Out of the total of 1150 patients included in the registry, 813 were finally analyzed. Baseline characteristics of the patients are summarized in Table 1. Those patients with significant missing values or without adequate follow-up were excluded. Device-related thrombus was observed in 35 patients (4.31%).

Results are presented in two subsections: predictive power and predictor variables.

3.1. Predictive Power

Table 2 shows the results of the different experiments of ROC AUC, sensitivity, and specificity based on optimizing ROC AUC.

In experiment I, sensitivity and specificity are imbalanced. The lack of regularization in the fitted logistic regression explains this result. On the other hand, experiment II presents a perfect fit for the non-linear algorithms (gradient boosting and random forest). Nonetheless, experiment II model is clearly overfitted for all samples.

Experiments III and IV were performed using the kfold technique with K = 2 and 5 repetitions and shuffle split method with two splits and 40% of test size. In contrast to experiments I and II, experiments III and IV gathered the values of the metrics for each of their iterations. In experiment III, the results show a better performance for the k-fold resampling scenario. In experiment IV, the best result in terms of ROC AUC is obtained with k-fold resampling in combination with logistic regression.
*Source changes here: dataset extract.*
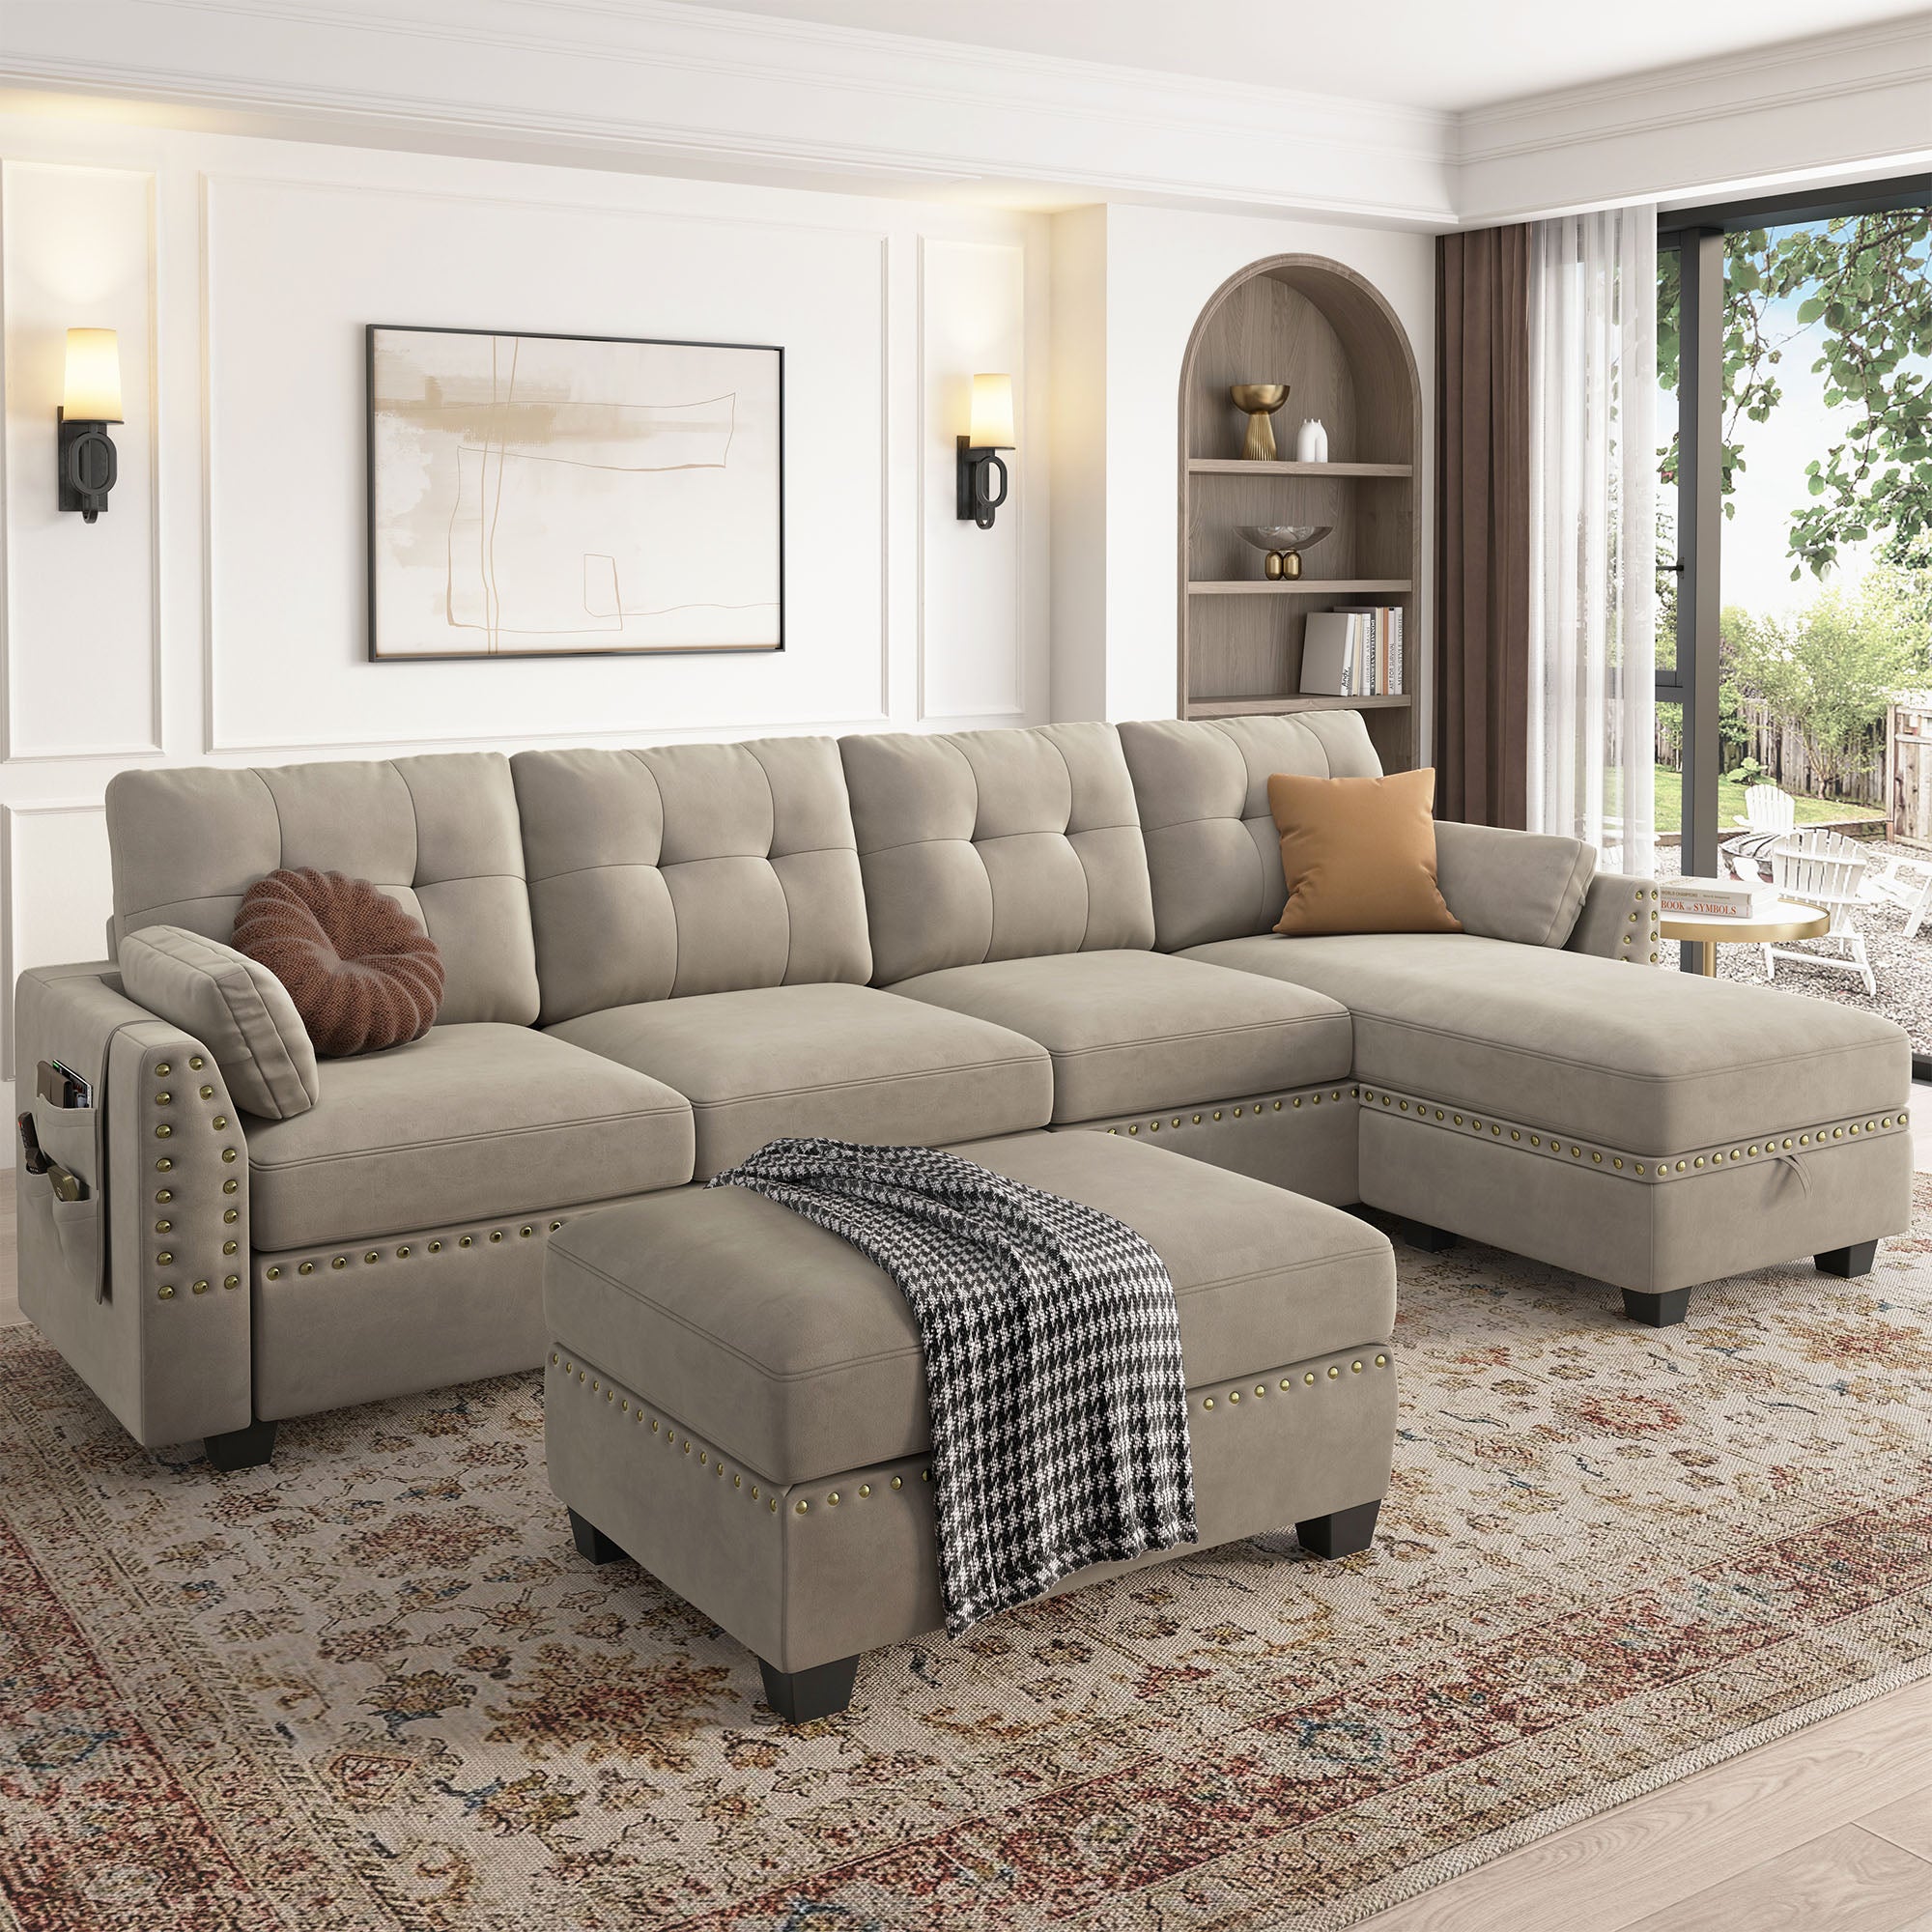 HONBAY Velvet 4-Seat L-Shaped Sectional Sofa with Storage Ottoman Set

Furthermore, this combination presents the best sensitivity—specificity balance.

Subsequent analyses were performed considering only the k-fold resampling method and logistic regression algorithm. This combination obtained the most plausible characteristics for experiment II and the most suitable for experiments III and IV.
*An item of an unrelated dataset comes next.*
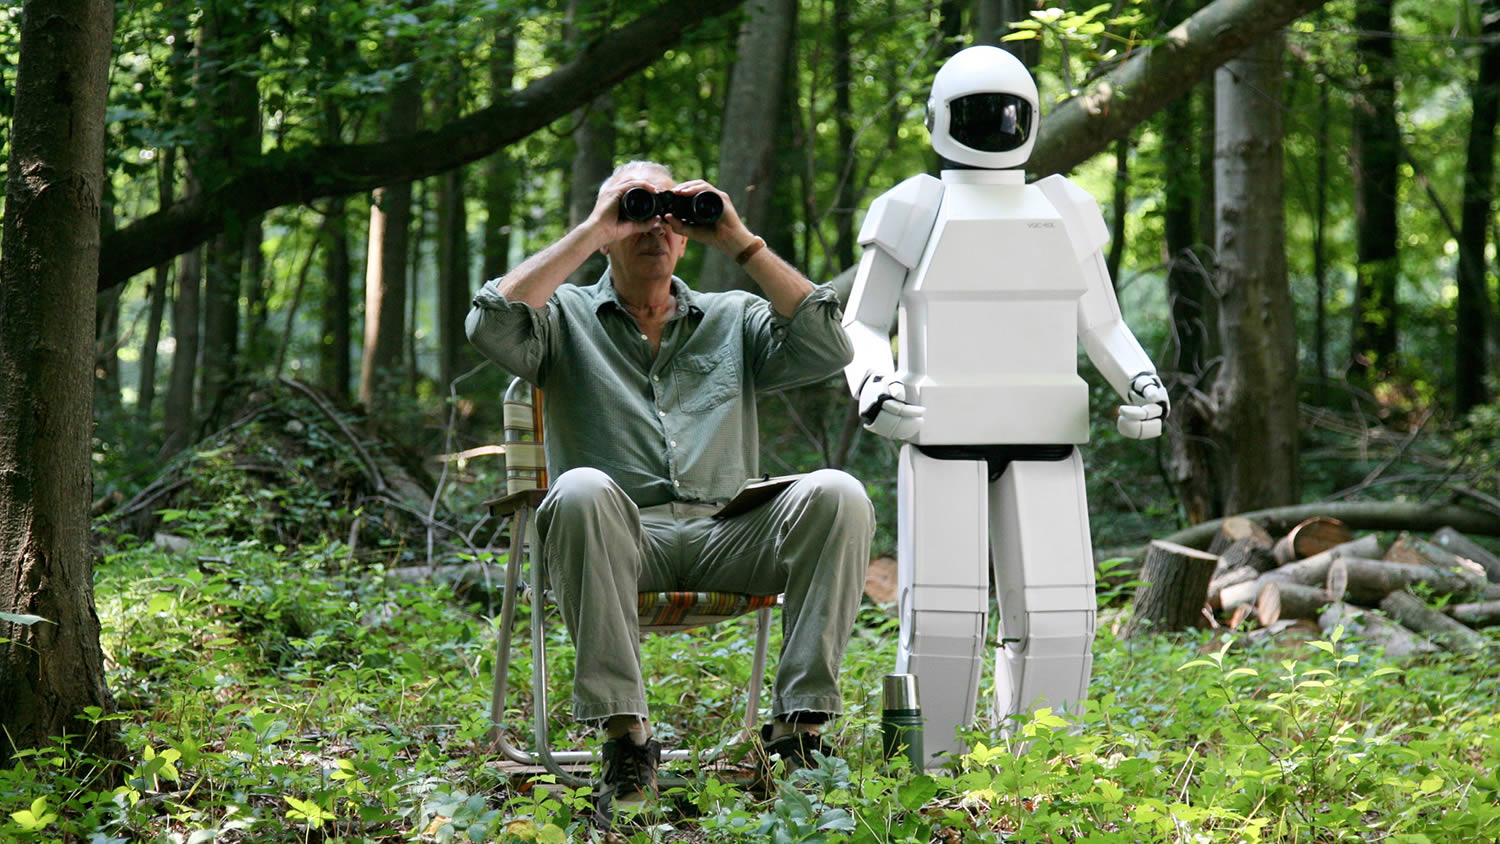 robot & frank, man sitting in chair with binoculars and robot at side

Figure 2 shows the analyzed metrics in each of the iterations. Even though no significant differences between the two experiments in terms of the mean values of the analyzed metrics were found, Figure 2 shows that experiment III is less variable than the experiment IV. Nevertheless, the low sensitivity obtained in experiment IV and its low AUC ROC proves a low predictive power.

3.2. Predictor Variables

Table 3 shows the significant variables after univariate and multivariable analysis (experiment I). Only 3 variables out of 76 were significant in the univariate test. Among these three variables, just one (HAS-BLED score) was found to be significant in the multivariate test.

Figure 3 shows the variables selected by the machine learning methodology on experiment II. This figure illustrates the positive or negative importance of each variable on the variable to be predicted.
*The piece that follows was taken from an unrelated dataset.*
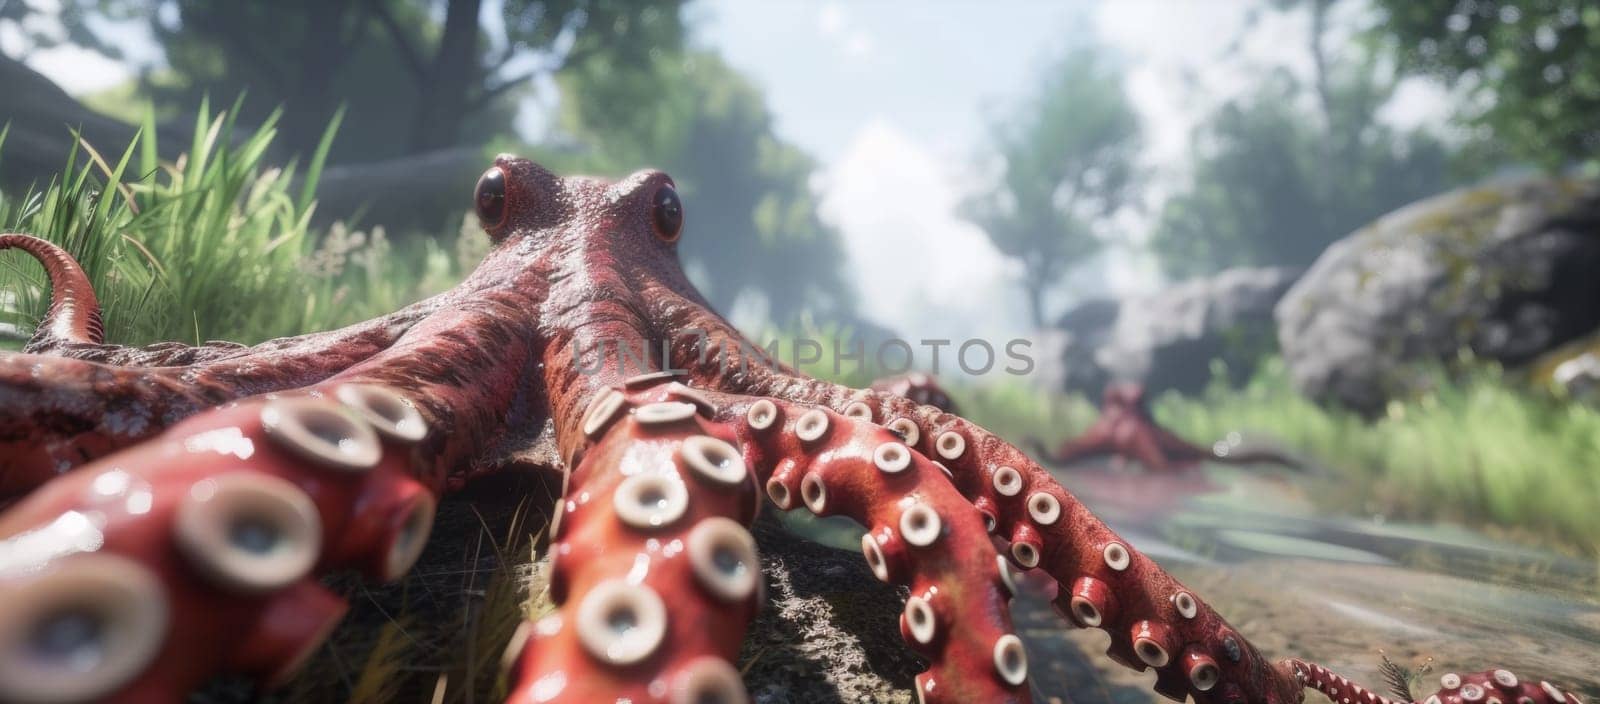 A close up of an octopus with many tentacles on the ground

Table 4 shows the number of occurrences the predictors were selected for experiments III and IV. In the case of experiment III, both the number of univariate and multivariable tests are shown.

Experiment III, similarly to experiment I, shows robustness in variable selection. In the case of experiment IV, only three variables were selected in each iteration (previous CAD, HAS-BLED, and pre-coumadin warfarin).

To analyze p-values (classical methodology) and weights (machine learning methodology) fluctuation due to resampling, a predictor variation rate for each variable was defined as described in Formula (1).

(1)$predictor variation rate=\frac{V_i-V_{ED}}{\sigma } \left(i=iteration, ED=entire dataset\right)$

V are p-values in the case of the classical methodology and weights for the machine learning methodology.

The numerator of Formula (1) is the difference between the value (p-value or weights) of each iteration of the resampling and the value obtained in the experiments performed on the entire database. The denominator is the standard deviation of the values collected for the predictor variable in the total number of iterations.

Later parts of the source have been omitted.